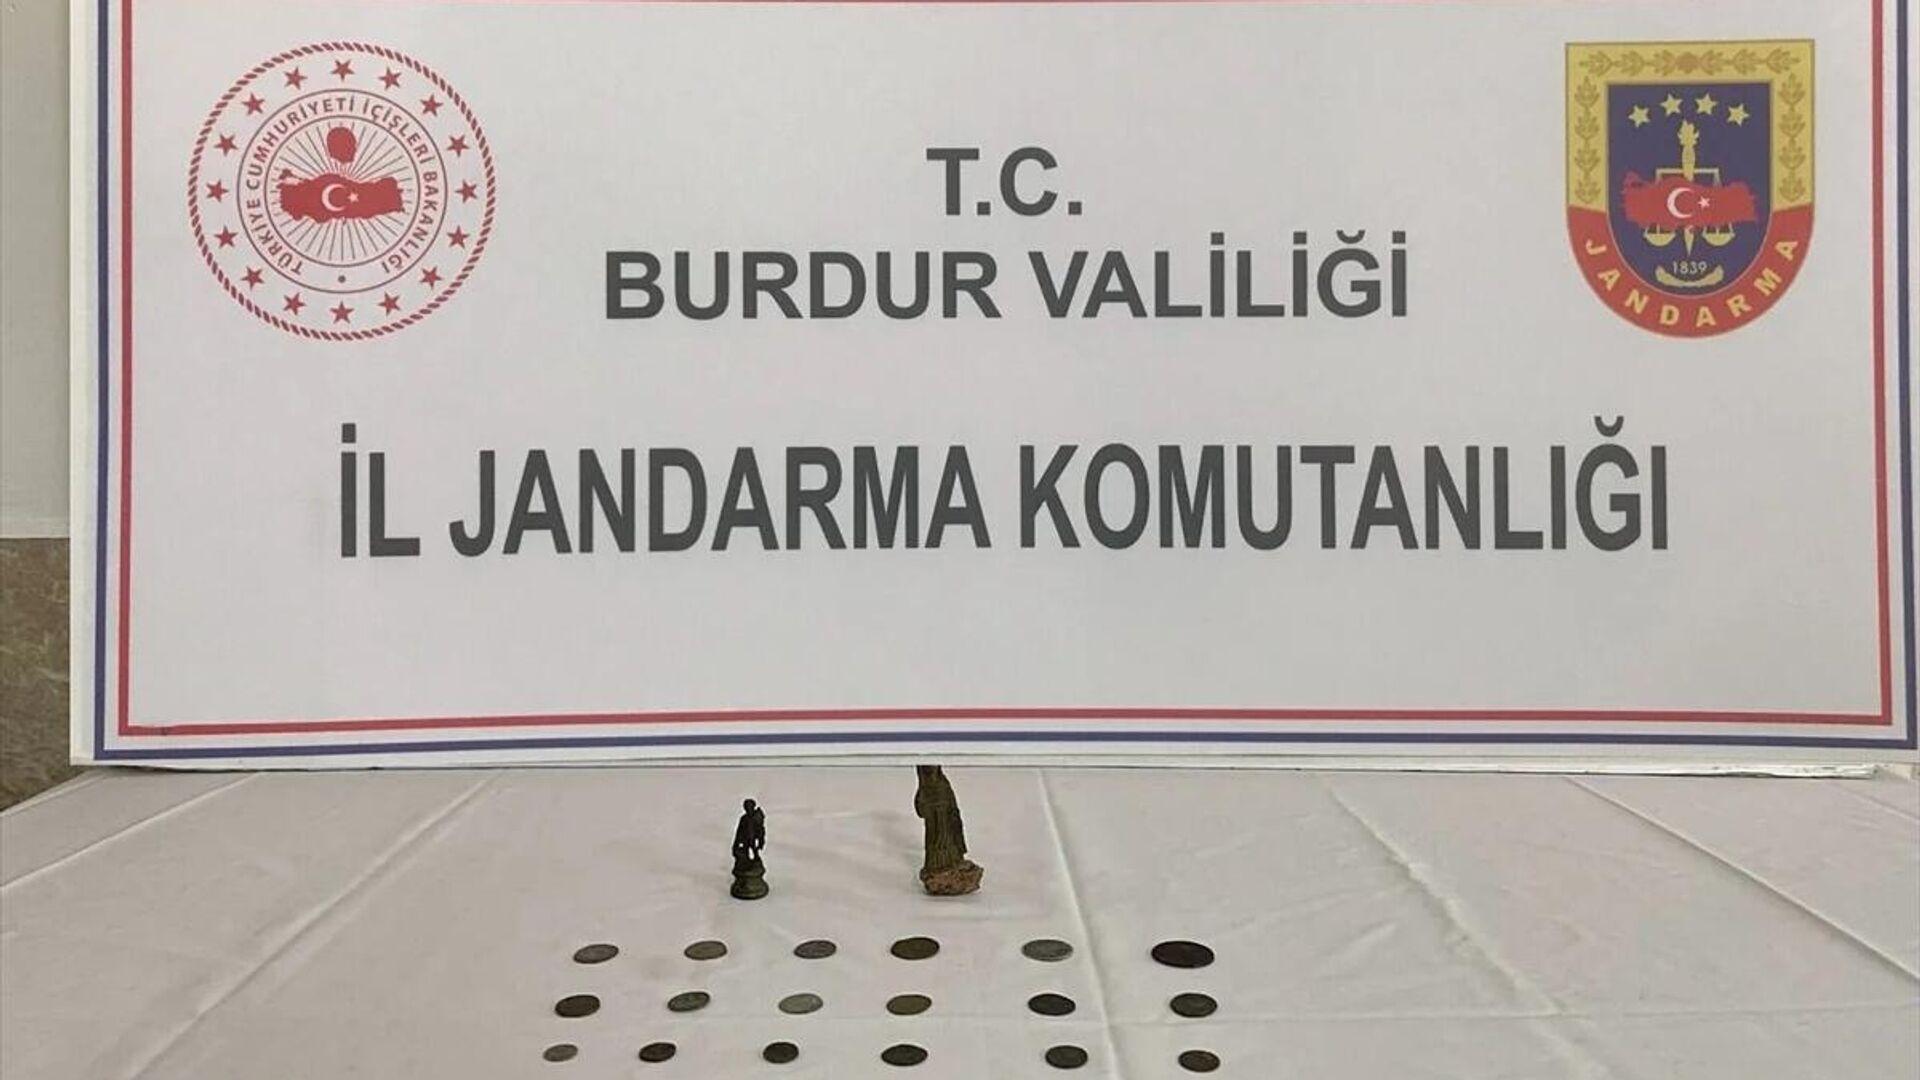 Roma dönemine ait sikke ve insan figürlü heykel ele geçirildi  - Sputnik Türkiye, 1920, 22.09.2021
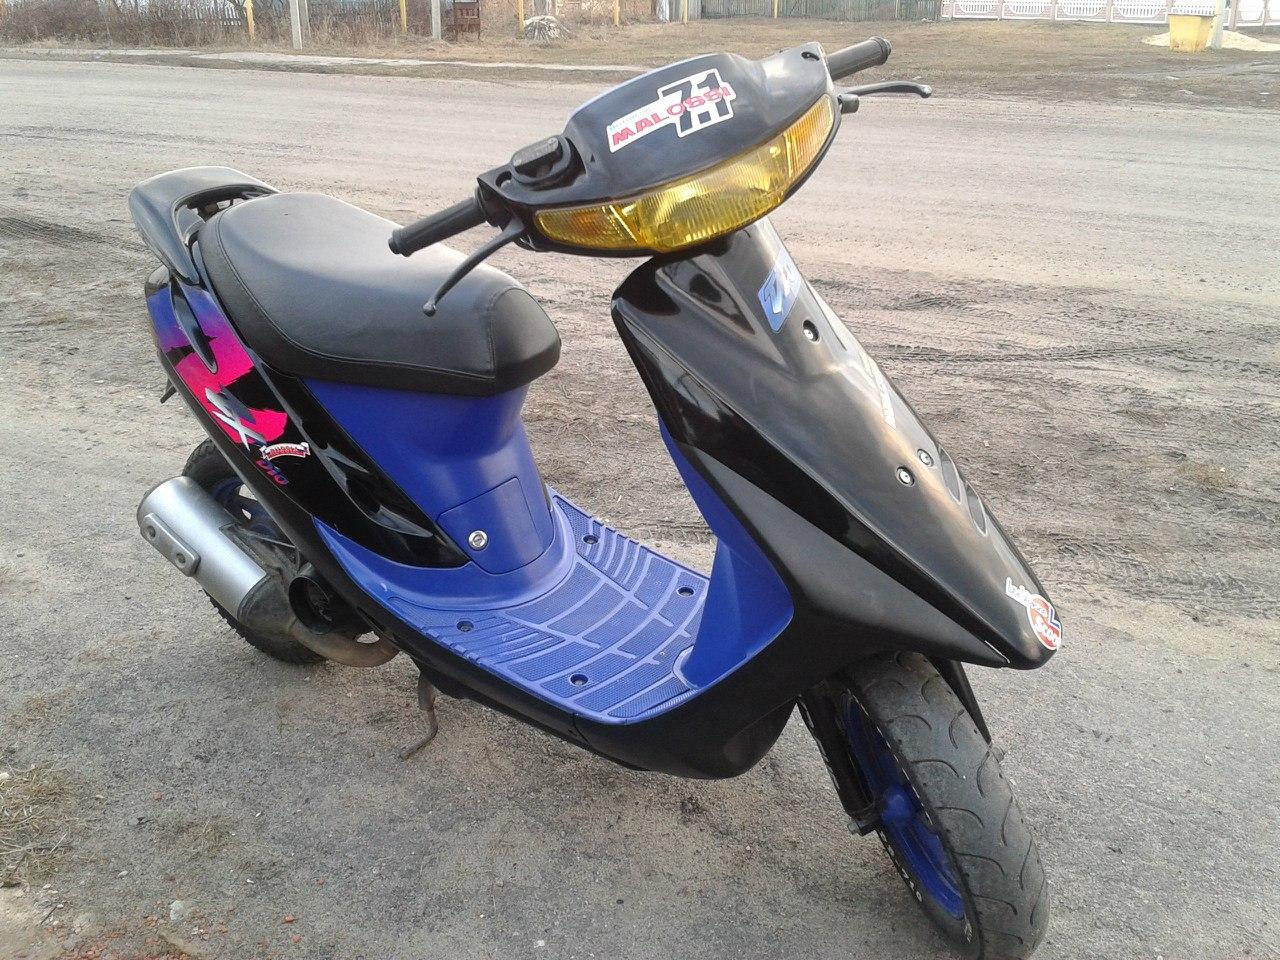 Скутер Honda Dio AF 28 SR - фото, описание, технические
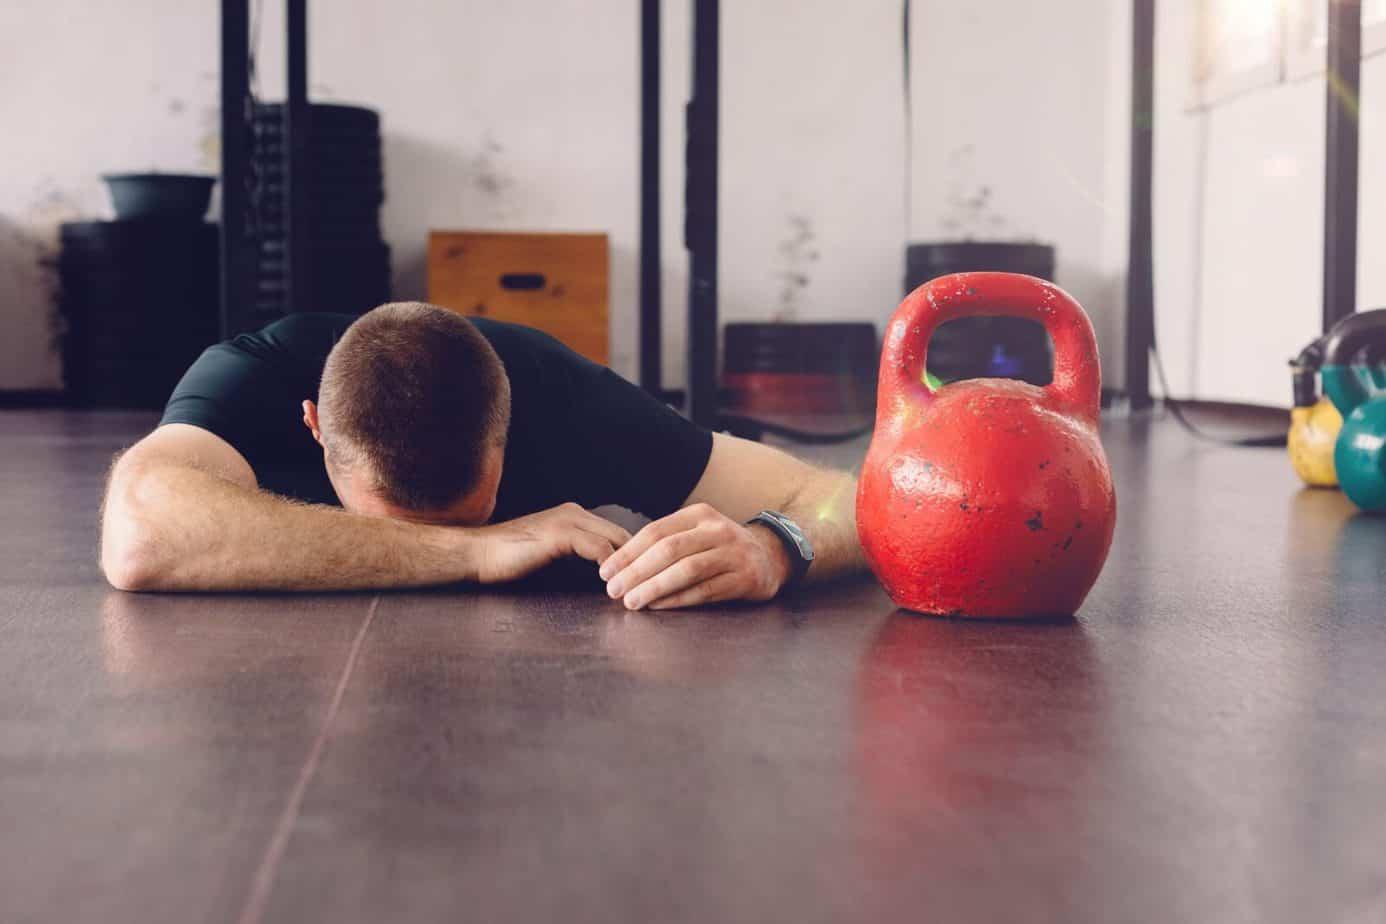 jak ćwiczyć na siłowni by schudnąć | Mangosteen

> **DIRECTIONS FOR THIS TASK**:
What you return must match, line for line, the span from the line containing "Скутер Honda Dio" through the last line of the listing above, with every picture omitted.

> **SOLUTION TO THIS PROBLEM**:
 Скутер Honda Dio AF 28 SR - фото, описание, технические
 jak ćwiczyć na siłowni by schudnąć | Mangosteen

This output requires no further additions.